*EXERCISE AIM*: Write the listing below out again word for word, without a single picture.

Content starts

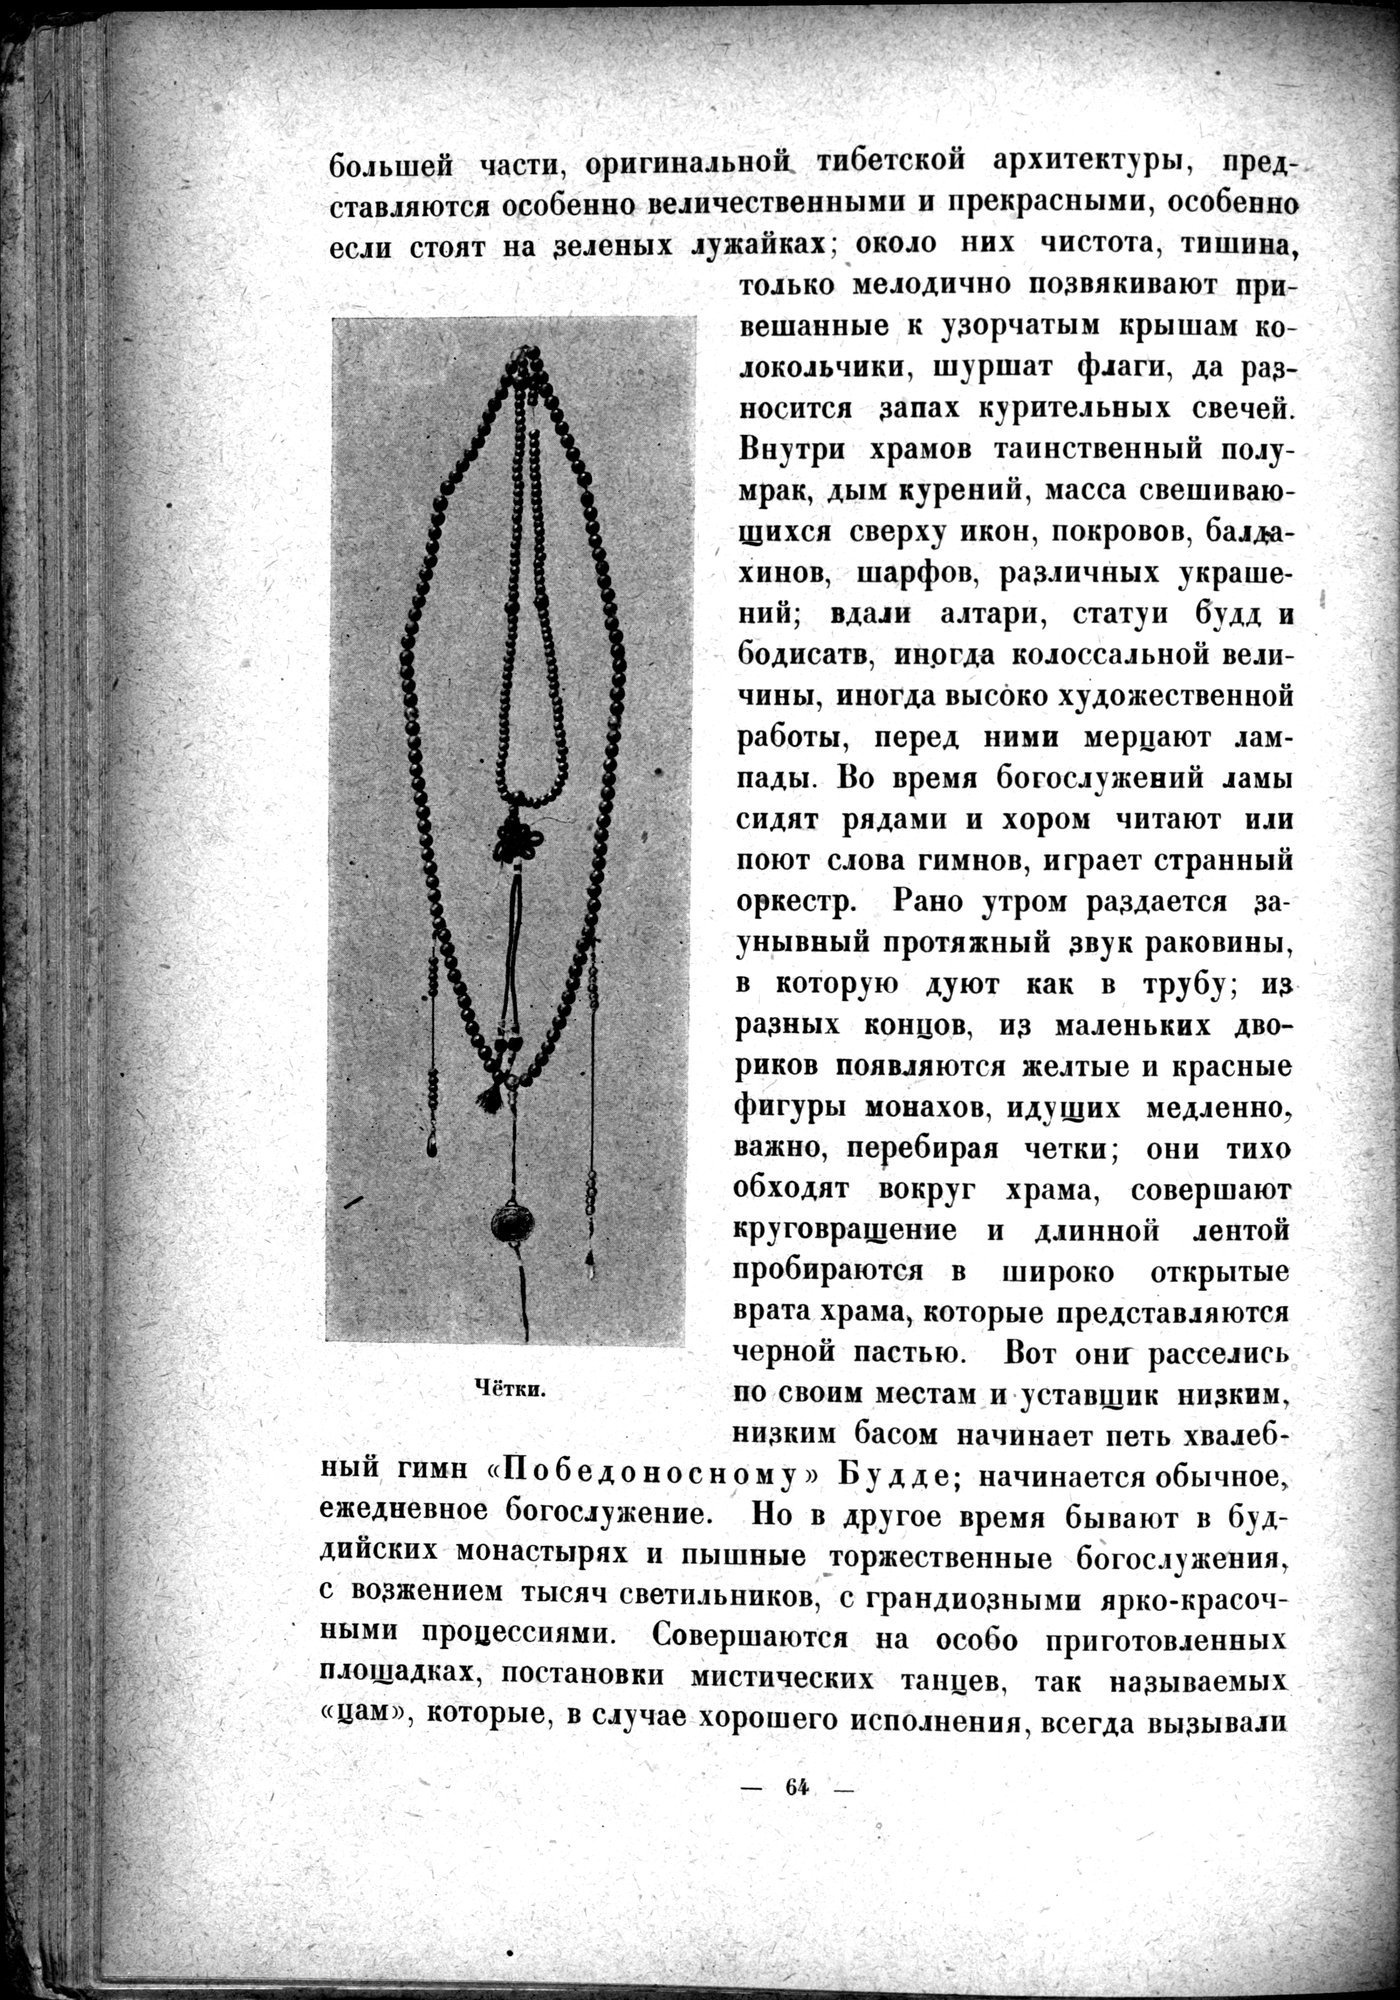 Mongoliya i Amdo i mertby gorod Khara-Khoto : vol.1 / Page 88 (Grayscale High Resolution Image)
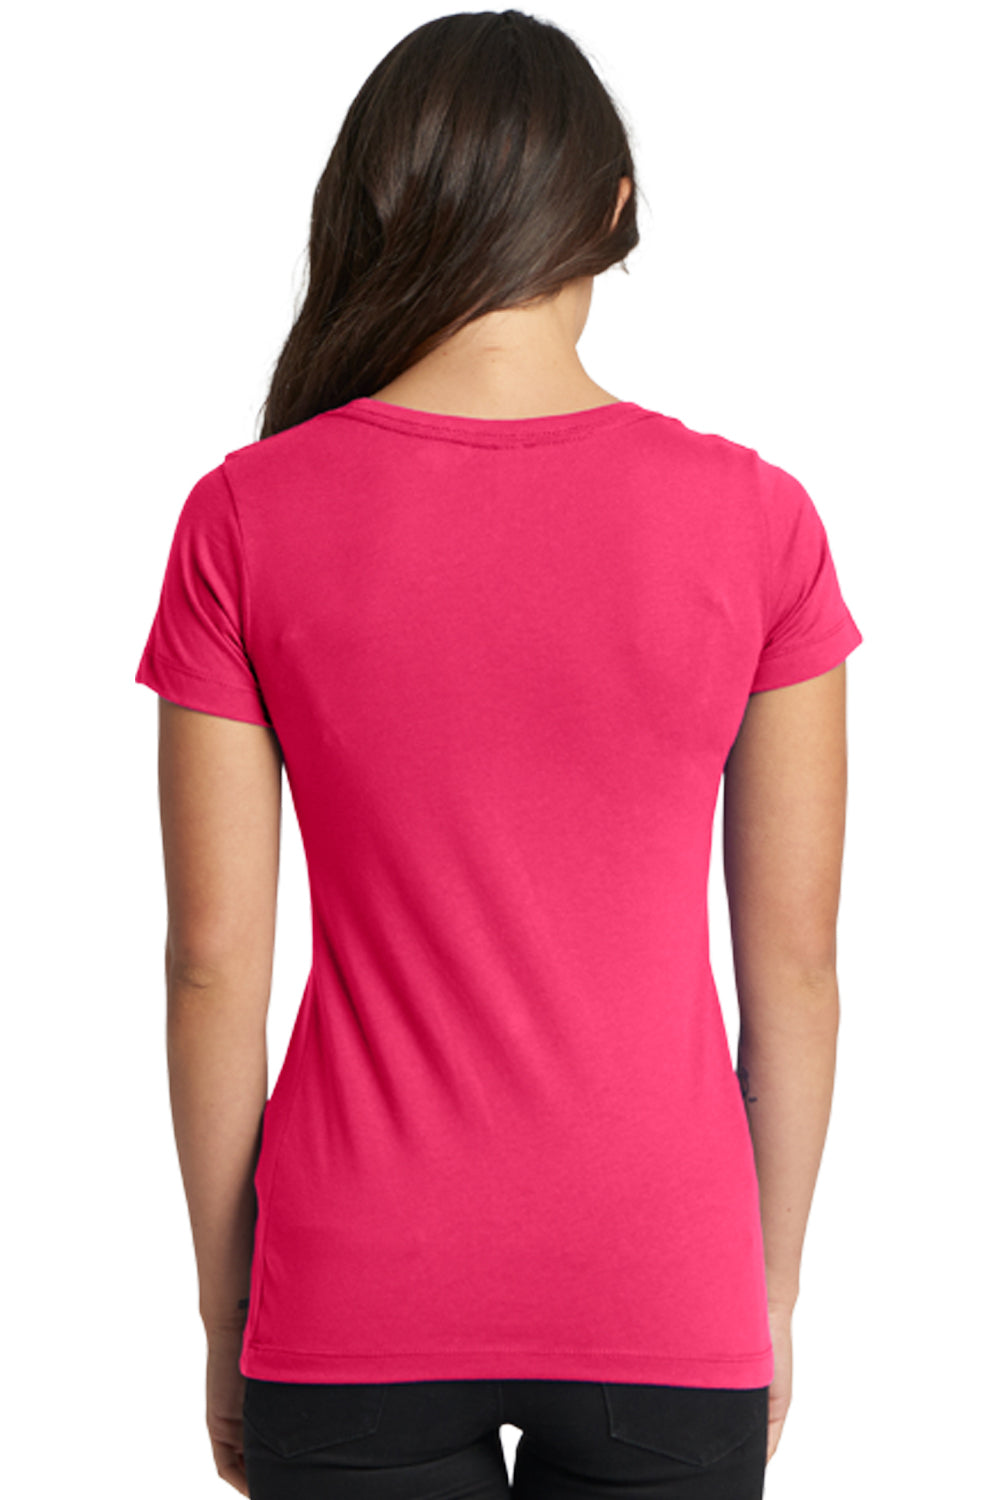 Next Level N1510 Womens Ideal Jersey Short Sleeve Crewneck T-Shirt Raspberry Pink Back
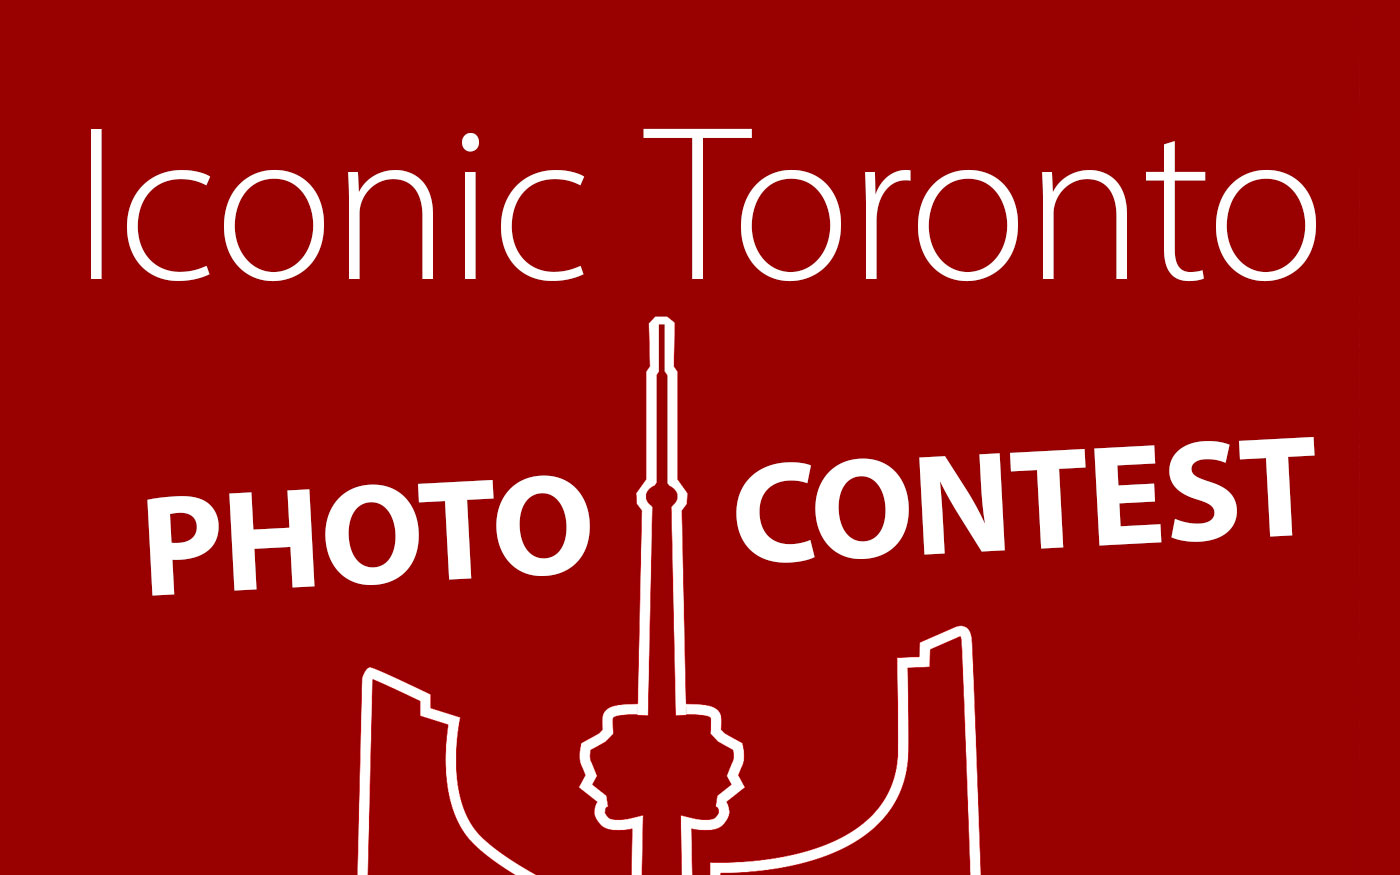 Iconic Toronto Photo Contest by Tdot Shots
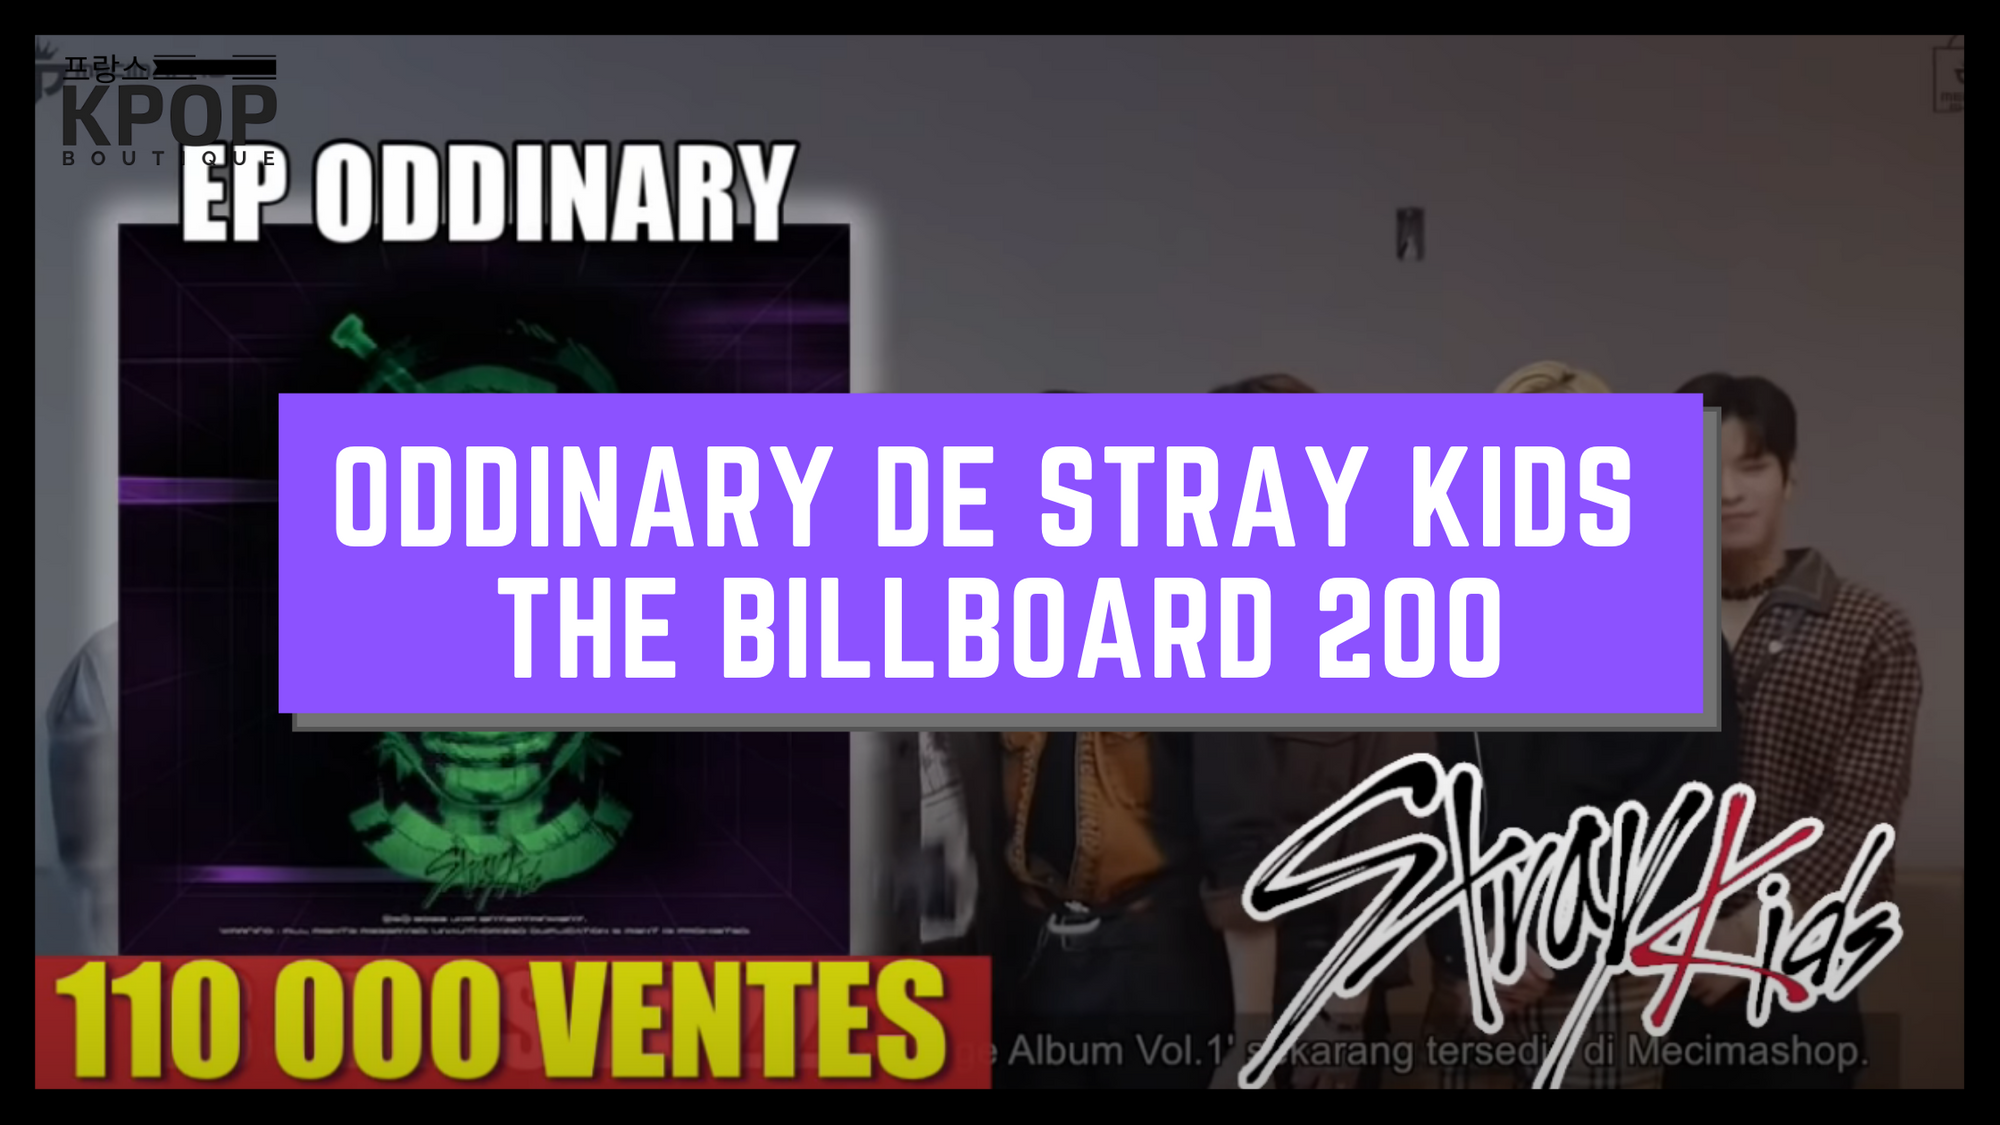 Oddinary de Stray Kids  The billboard 200
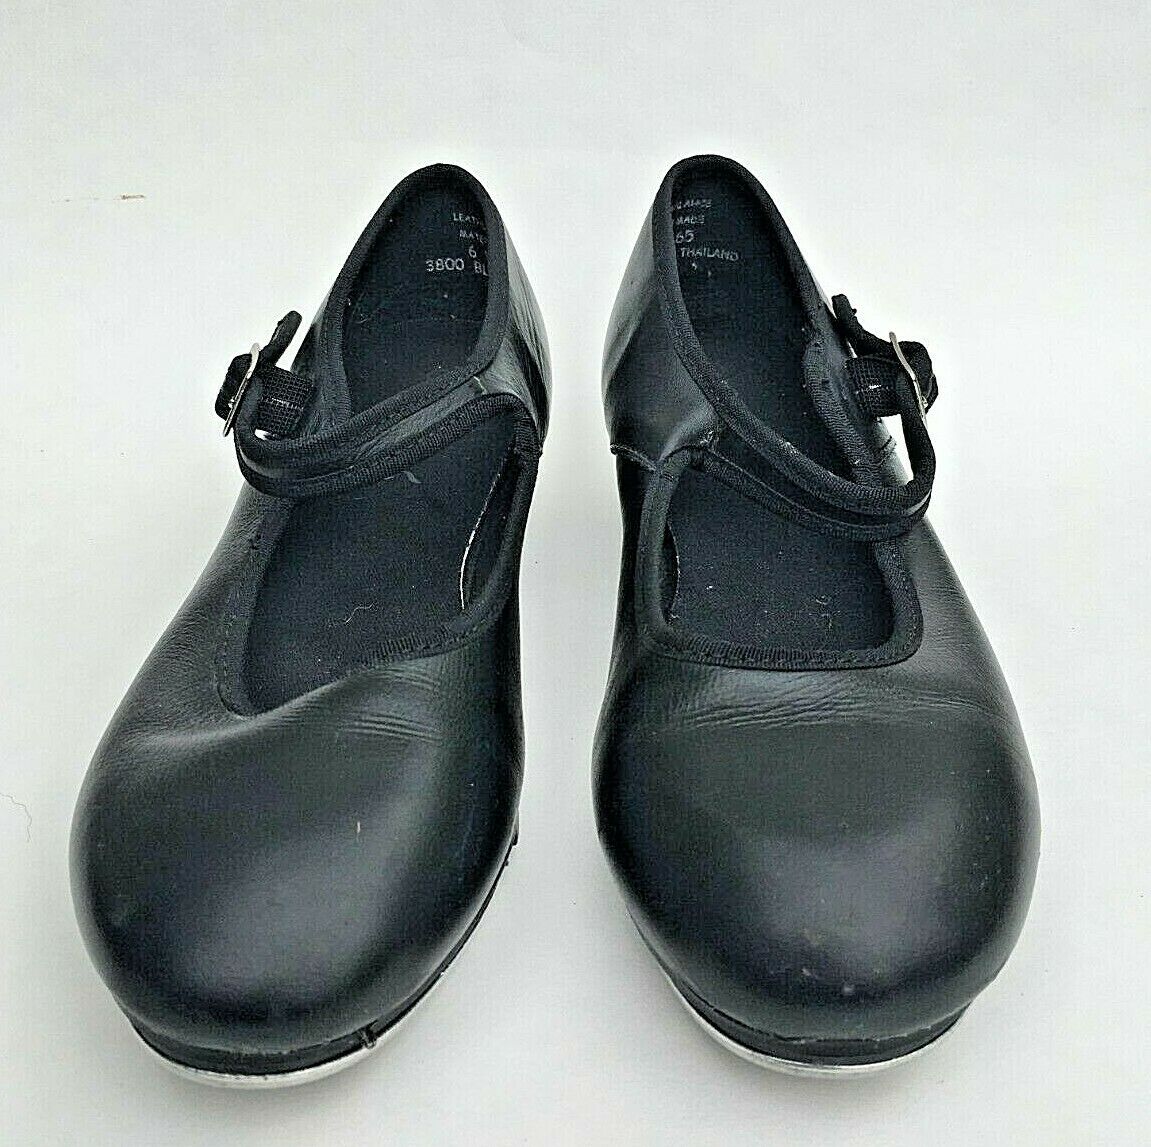 Capezio 3800t Tap Shoes Girl's Size 6 W, Black Patent Mary Jane Tele Tone Taps

Content ends

*FINISHED EXERCISE*:
 Mongoliya i Amdo i mertby gorod Khara-Khoto : vol.1 / Page 88 (Grayscale High Resolution Image)
 Next Level N1510 Womens Ideal Jersey Short Sleeve Crewneck T-Shirt Raspberry Pink Back
 Iconic Toronto Photo Contest by Tdot Shots
 Oddinary de Stray Kids  The billboard 200
 Capezio 3800t Tap Shoes Girl's Size 6 W, Black Patent Mary Jane Tele Tone Taps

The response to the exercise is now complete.